Keep in mind that the amount of tax due may differ if you’re not a UK resident. Also, ensure that your tax return is completed in pound sterling.

Non-UK Residents

If you’re residing outside the UK, double-check your tax obligations, as they may differ from what UK residents face.

Records You Must Keep

Good record-keeping is your best friend when dealing with capital gains tax on cryptocurrency. You must keep detailed records for every transaction.
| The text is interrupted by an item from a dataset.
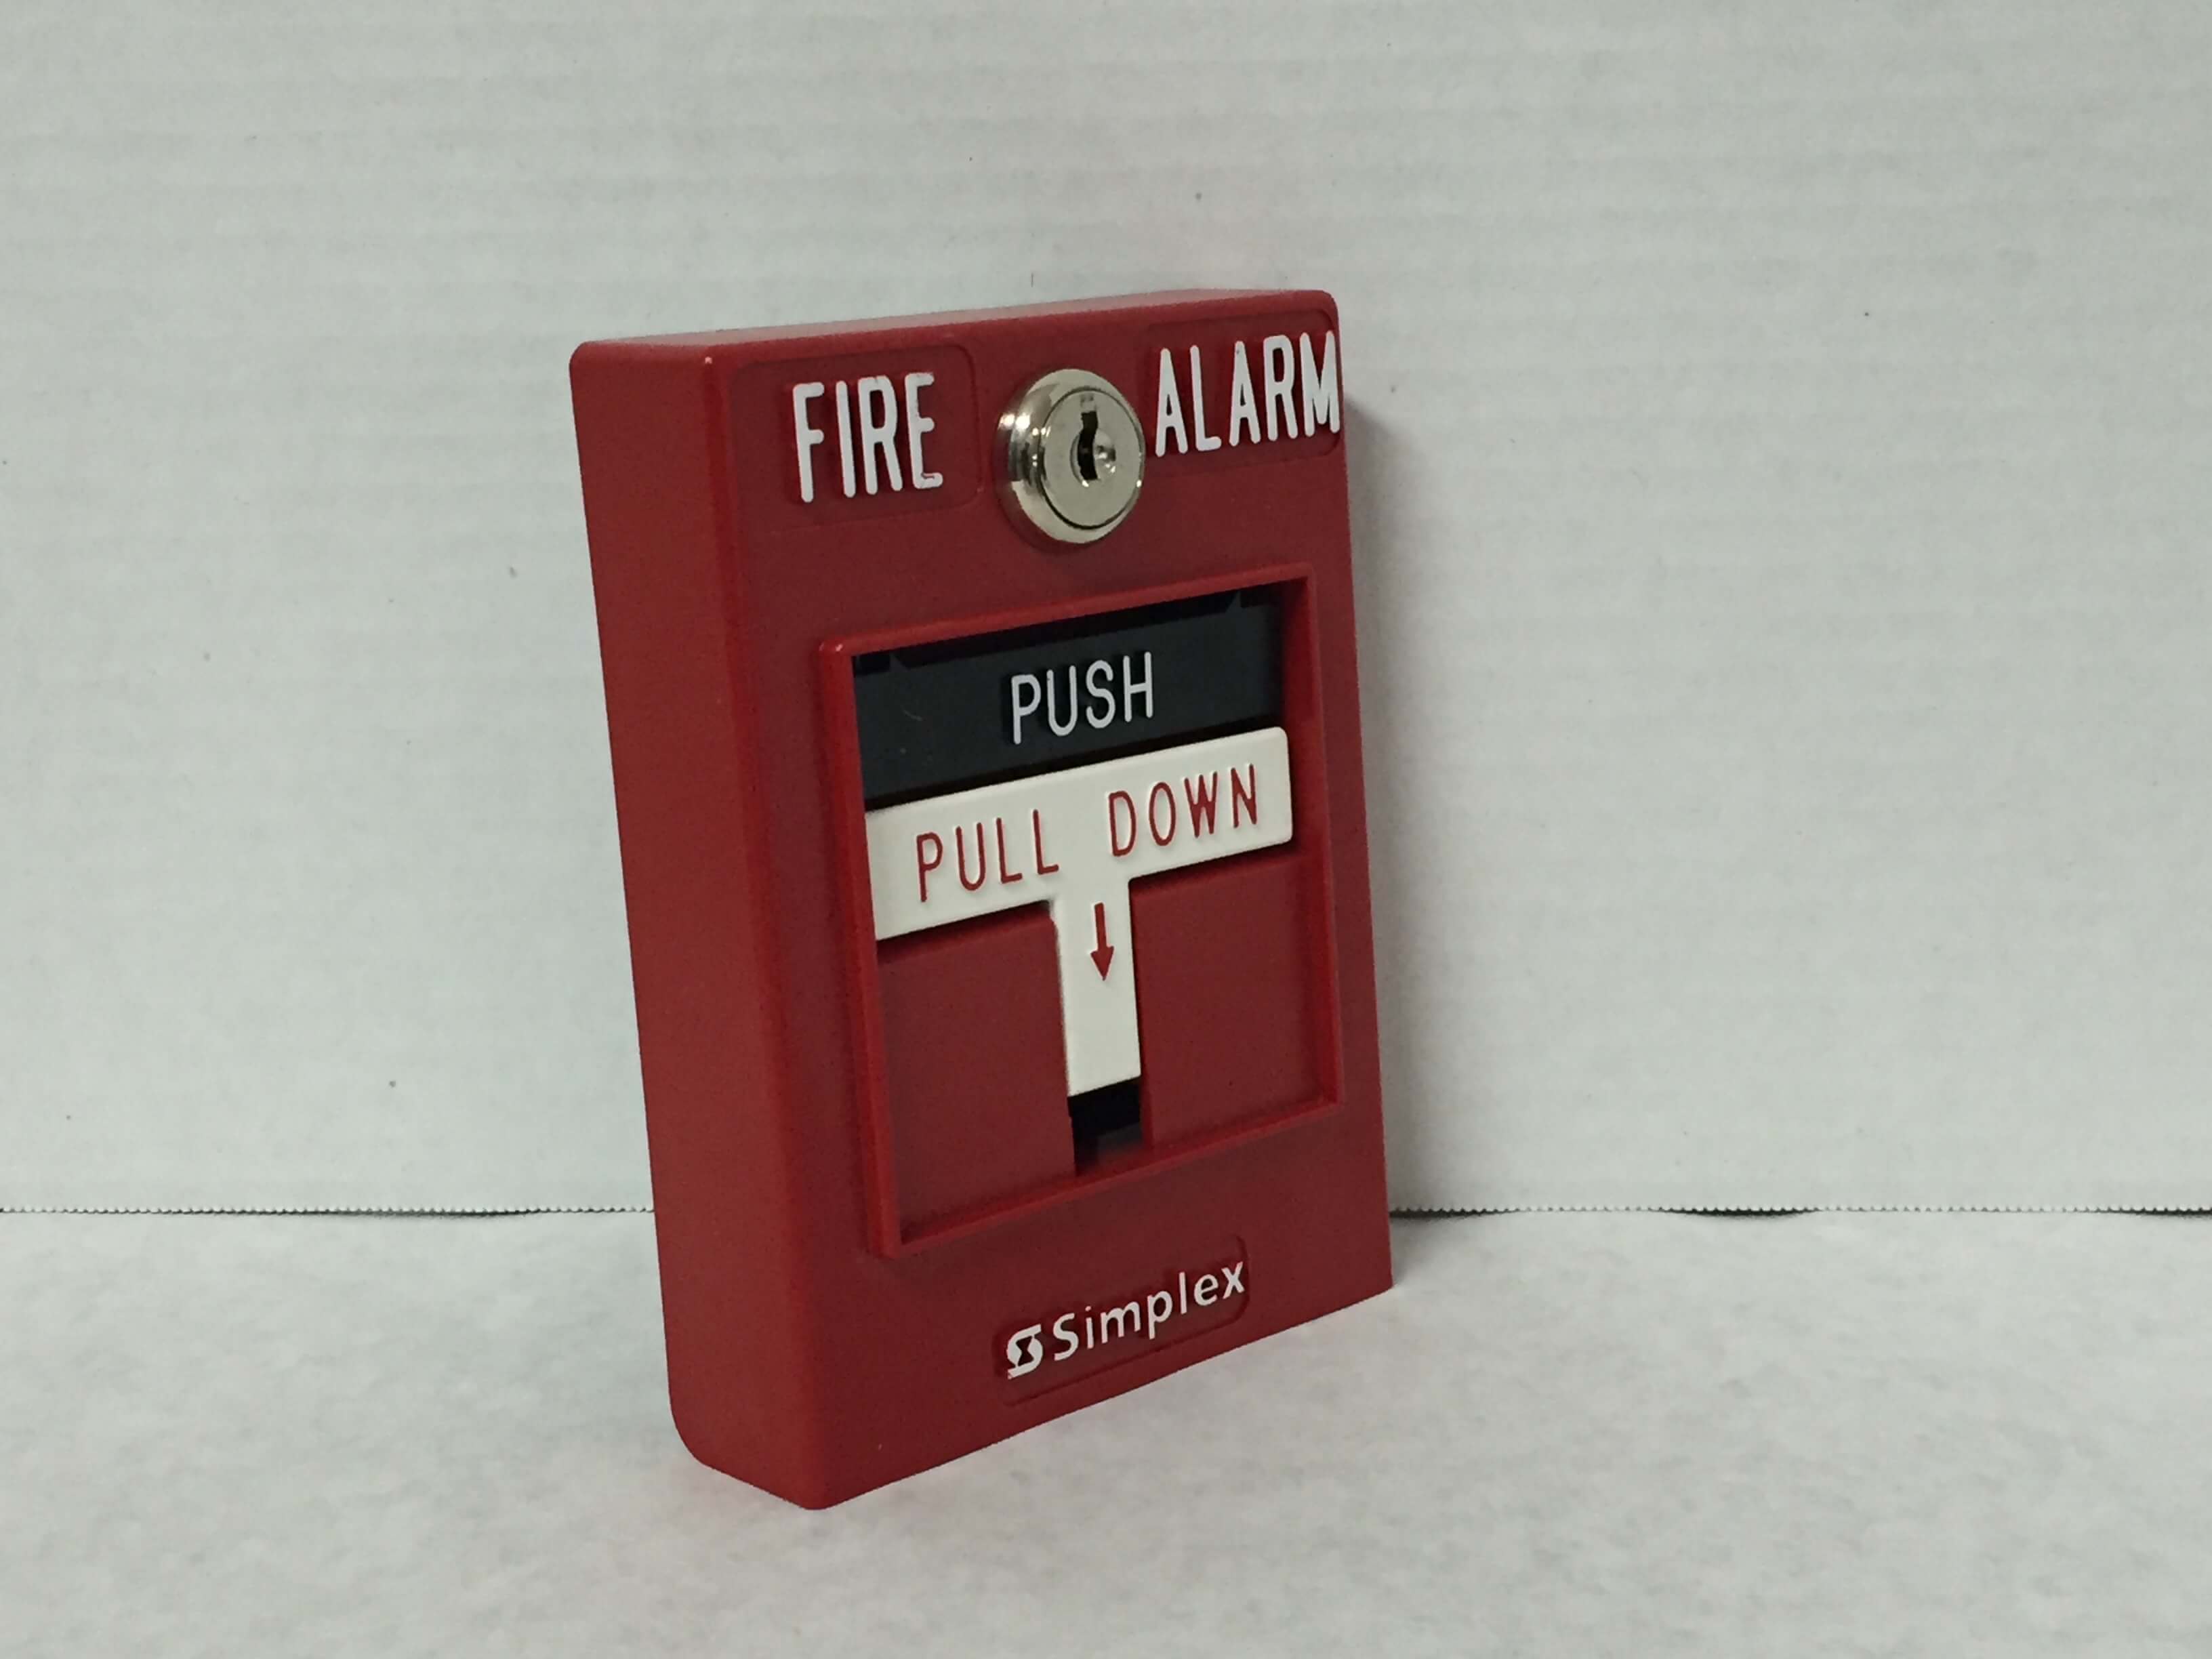 Simplex 4099-9003 - FireAlarms.tv - jjinc24/U8oL0's Fire Alarm ...

Here’s what you need to note:

  • Type of tokens.
  • Date you disposed of them.
  • Number of tokens disposed.
  • Number of tokens left.
  • Value in pound sterling.
  • Bank statements and wallet addresses.
  • Record of pooled costs before and after disposal.
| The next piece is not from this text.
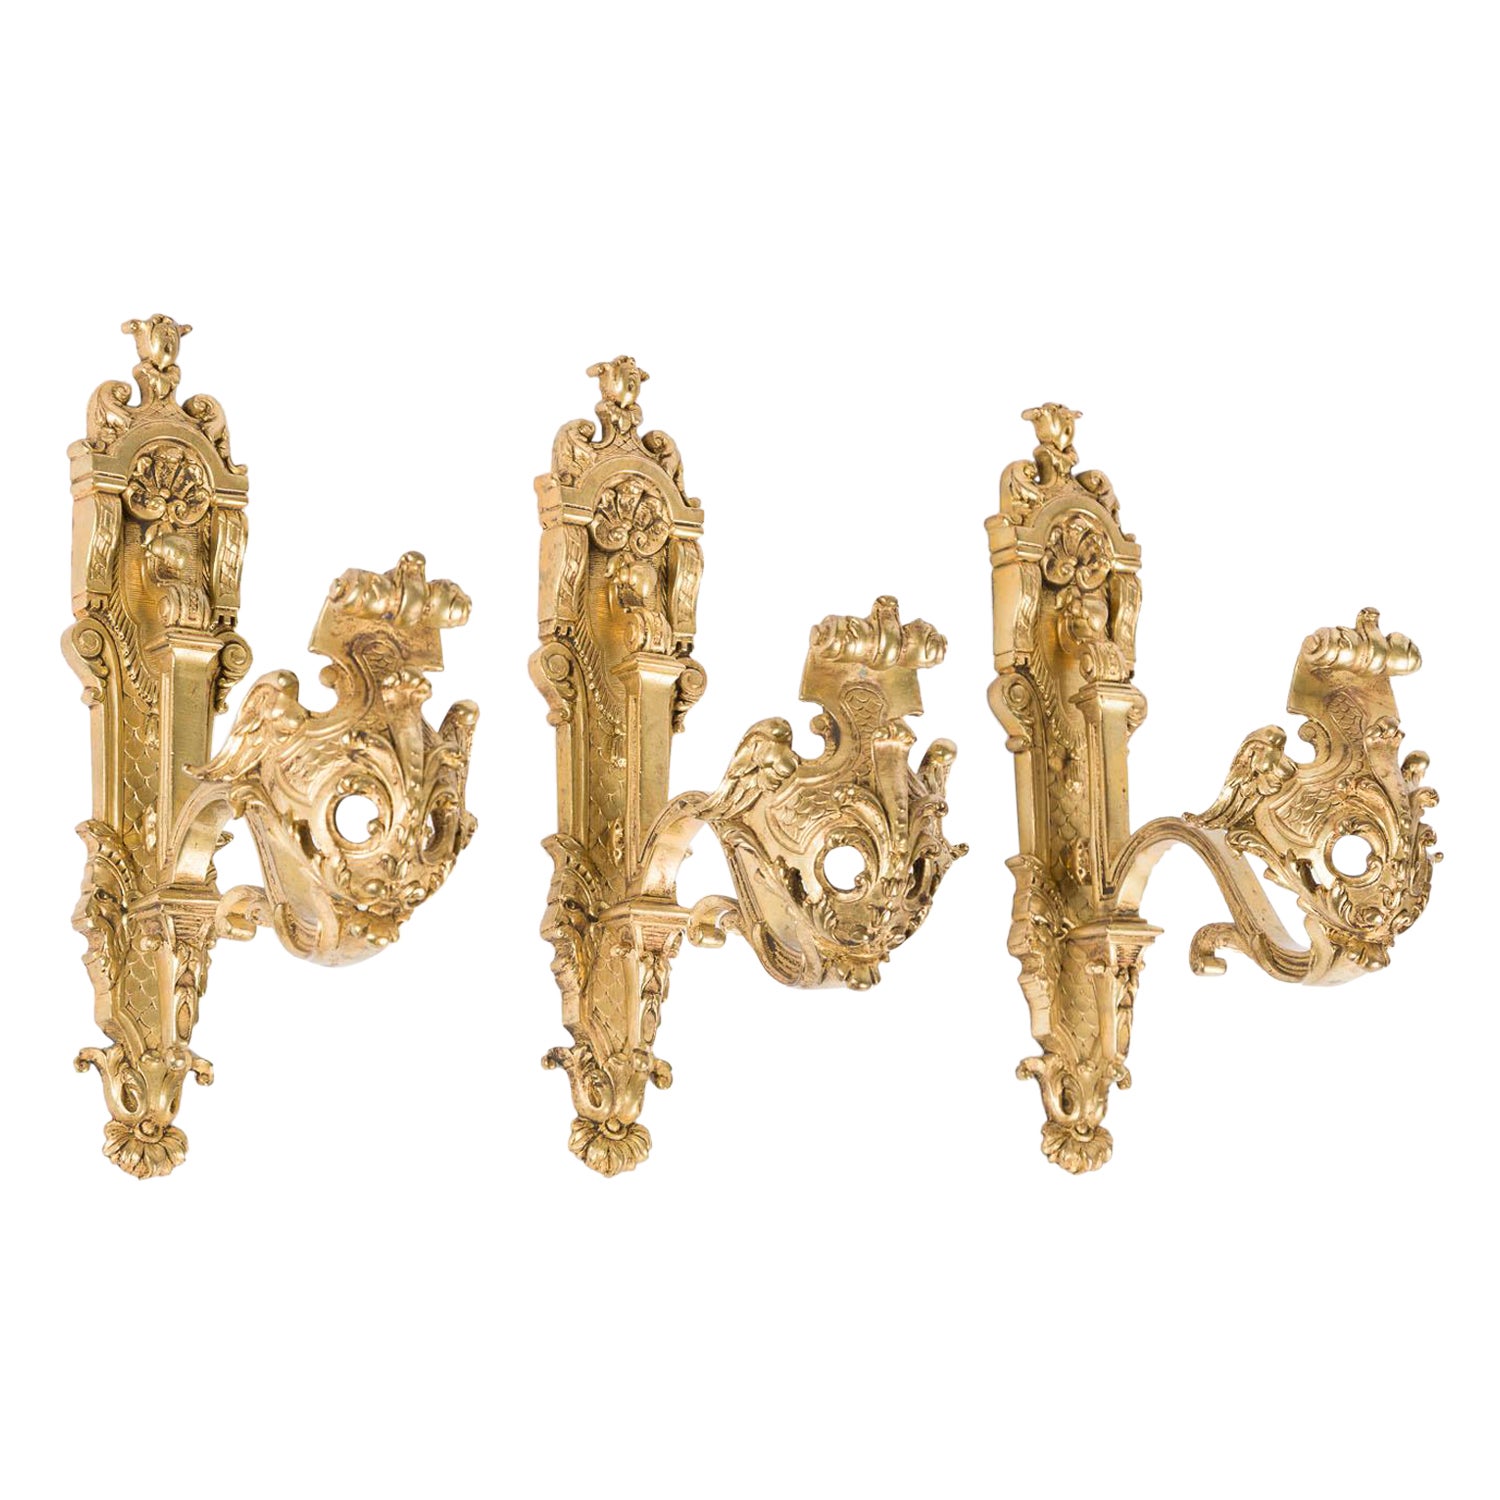 Ensemble de 3 crochets de rideaux en bronze doré ornés de style Louis XV

You’ll also want to keep other records such as wallet addresses since HMRC may ask to see your records for a compliance check.

Check if You Need to Pay Tax When You Sell Cryptoassets

Why Bother with Records?

Keeping precise records ensures that you can justify your calculations if questioned. It can save you a lot of headaches and potential penalties down the line.

More Information and Keys to Compliance

If you’re looking for more information, check HMRC’s guidance on cryptoassets for individuals. Detailed guidance helps you understand various nuances and closes potential gaps in your compliance process.

And remember, the world of crypto is complex but manageable with a bit of effort and the right information. By keeping abreast of your tax obligations, you not only stay lawful but also ensure peace of mind.


Selling cryptoassets can trigger tax obligations, primarily in the form of Capital Gains Tax. By understanding when and how to check your responsibilities, calculating allowable costs, and keeping detailed records, you make the process smoother for yourself. When in doubt, always check HMRC’s guidance or consult with a tax professional for tailored advice.

Have you sold or exchanged crypto recently? It might be worth revisiting your records and ensuring you are fully compliant with HMRC requirements. Being proactive today can save you from potential compliance issues tomorrow. So, take a moment to check if you need to pay capital gains tax on cryptocurrency when you sell your cryptoassets—you’ll thank yourself later!